Sonic Stomp -- A Sonic Maximizer in a stomp box….’nuff said.

Opto Somp -- A compressor stomp box with the BMAX optical compressor.

Acoustimax -- An acoustic preamp that raises the bar for acoustic sound quality.

Evaluating the Crusher and the Freq Boost

Pedal Construction

You have to admit that it is a joyful moment when you pull a new piece of gear out of the box and realize that it was built to last. I won’t spend much time on pedal construction since we’ve already reported on the construction quality of these pedals. All of BBE’s pedals were designed and engineered in Huntington Beach, California and manufacturered in China. I love the rock solid metal casing and high quality metal footswitches, pots, and knobs (no plastic!). Another important feature is a true hard-wire bypass so you avoid the dreaded “tone suck” problem of units that are powered off but are still routed through the circuitry. These pedals also have a non-slip rubber bottom, and an easy-to-access 9v battery compartment.

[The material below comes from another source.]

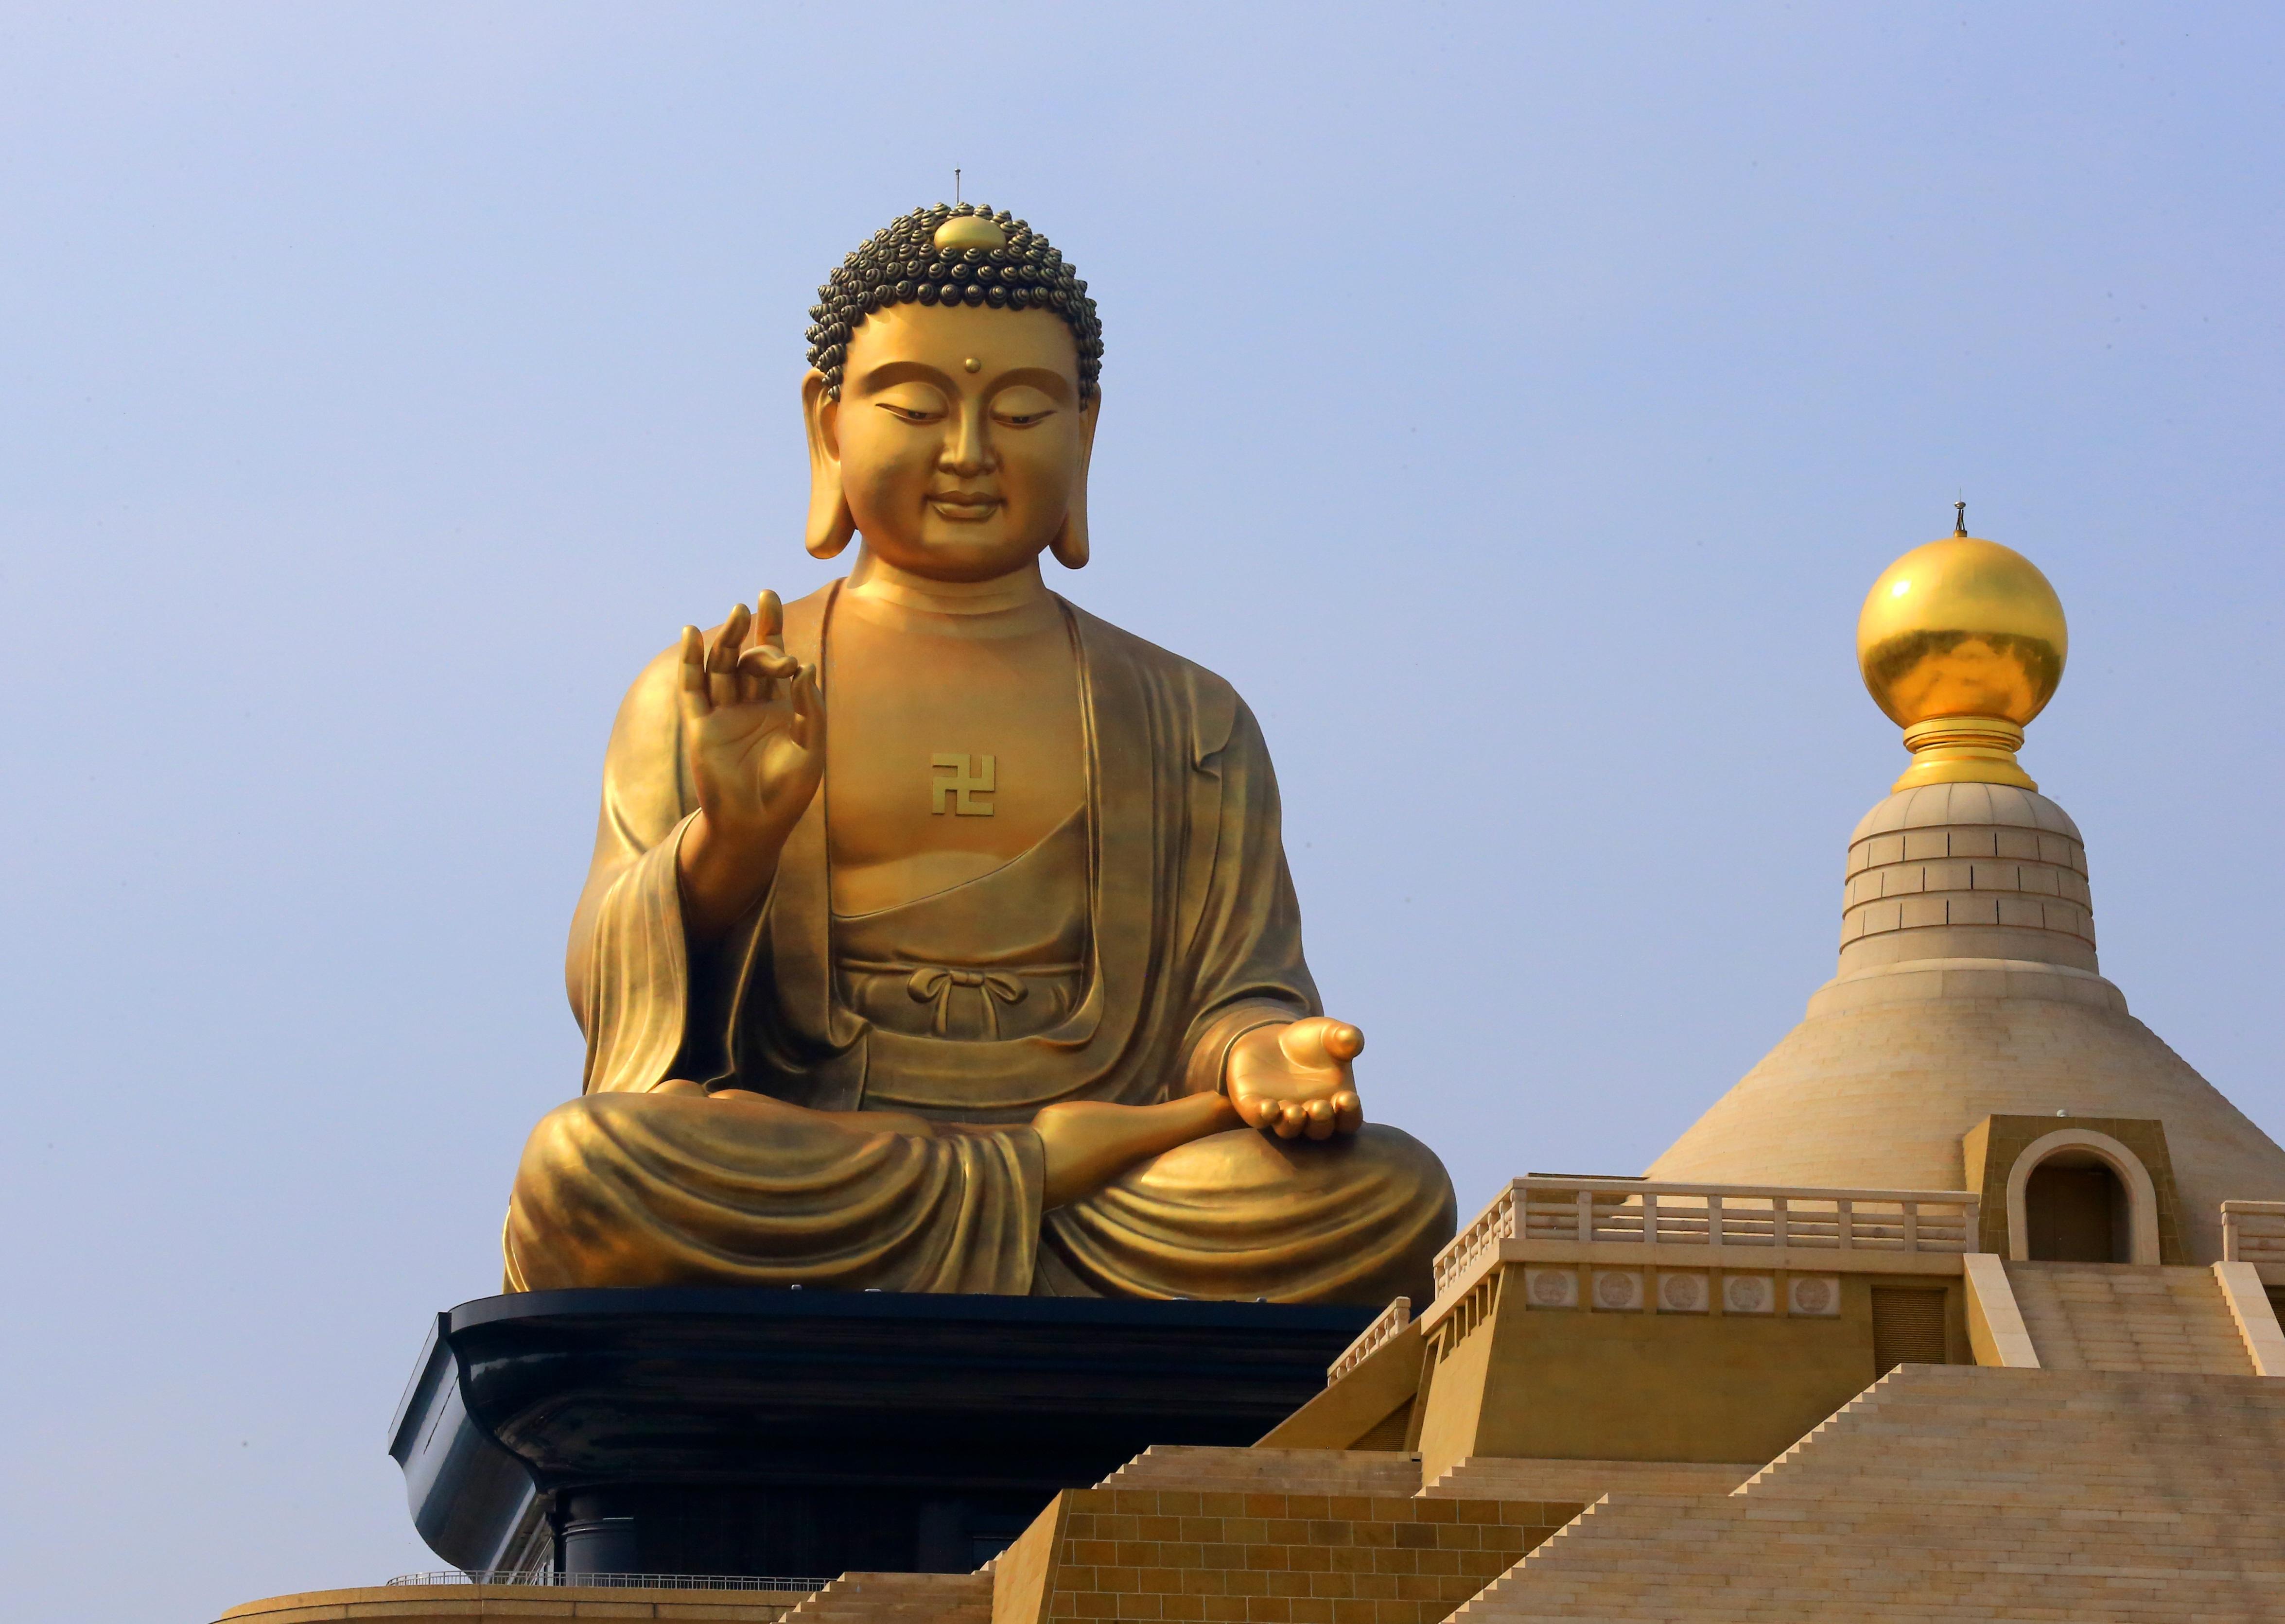 free images monument statue religion landmark sculpture

Two other features are of note. The first is consistent pedal design. I think BBE took a page out of the BOSS design ergonomics book by making sure these pedals all have a common footprint. This makes it much easier to arrange a pedal board. The second is power options. All BBE pedals include an external power supply in the box, so there is no need for a separate purchase. These pedals will also run approximately 300 hours on a single 9V battery...and guess what…your first battery is also included, nicely wrapped and nestled in the battery compartment. That kind of foresight is hard to find these days.

BBE Crusher

The BBE Crusher is one of the pedals in the new line that stands out as a completely original design. It is meant as a high gain distortion pedal, but actually turns out to be very versatile, due to the passive 3-band EQ that enables a broad range of distortion possibilities. The controls on this pedal include bass, mid, treble, gain and volume.

I was able to test this pedal using a G&L Invader running though a VOX Tonelab driving an Atomic Amplifier. I may get some e-mail debate on this issue, but I really believe that dedicated pedals produce better overall tone than models (allowing for pedal quality, of course – junky pedals equals junky tone). However, modelers certainly have their use in my setup. With the Atomic Amp, I love to use the modeler on a relatively clean setting as the foundation, with the modeler handing reverb, chorus, and other “shimmery” effects. Additionally, what I like about the Tonelab and Atomic Amp combo (over say a POD XT) is that I can quickly dial in a convincing range of amp and cabinet combinations with real tube performance.

Using this setup as my base I plugged the Invader into the Freq Boost, the Freq Boost into the Crusher, and then the Crusher into the amplifier. My thinking was that I could experiment with the Crusher with the added benefit of a high frequency clean gain boost.

The Crusher really pleasantly surprised me at how “clean” the distortion sounded. I know that sounds like an oxymoron, but my experience with high gain pedals has always been, the higher the gain the higher the noise. It’s great to run on the “wild side”, but too much noise can really damage the overall mix, especially when recording. The Crusher gave me all the overdrive and thrash I wanted without the noise I didn’t. This must be due to the natural compression aspects of the distortion circuit, because the sustain resulting from this baby was awesome as well. You don’t have to take my word for it, listen to the sound samples below!

Freq Boost

The BBE Freq Boost was inspired by the Dallas Range Master, which was available during the mid-'60s. Basically the Freq Boost is a treble booster designed to juice up the higher frequencies. This results is increased harmonics, greater high frequency sustain, and fatter overdrive. Many bands, including Eric Clapton, Judas Priest, and Queen are known to use a high frequency boost as a secret weapon in their sound.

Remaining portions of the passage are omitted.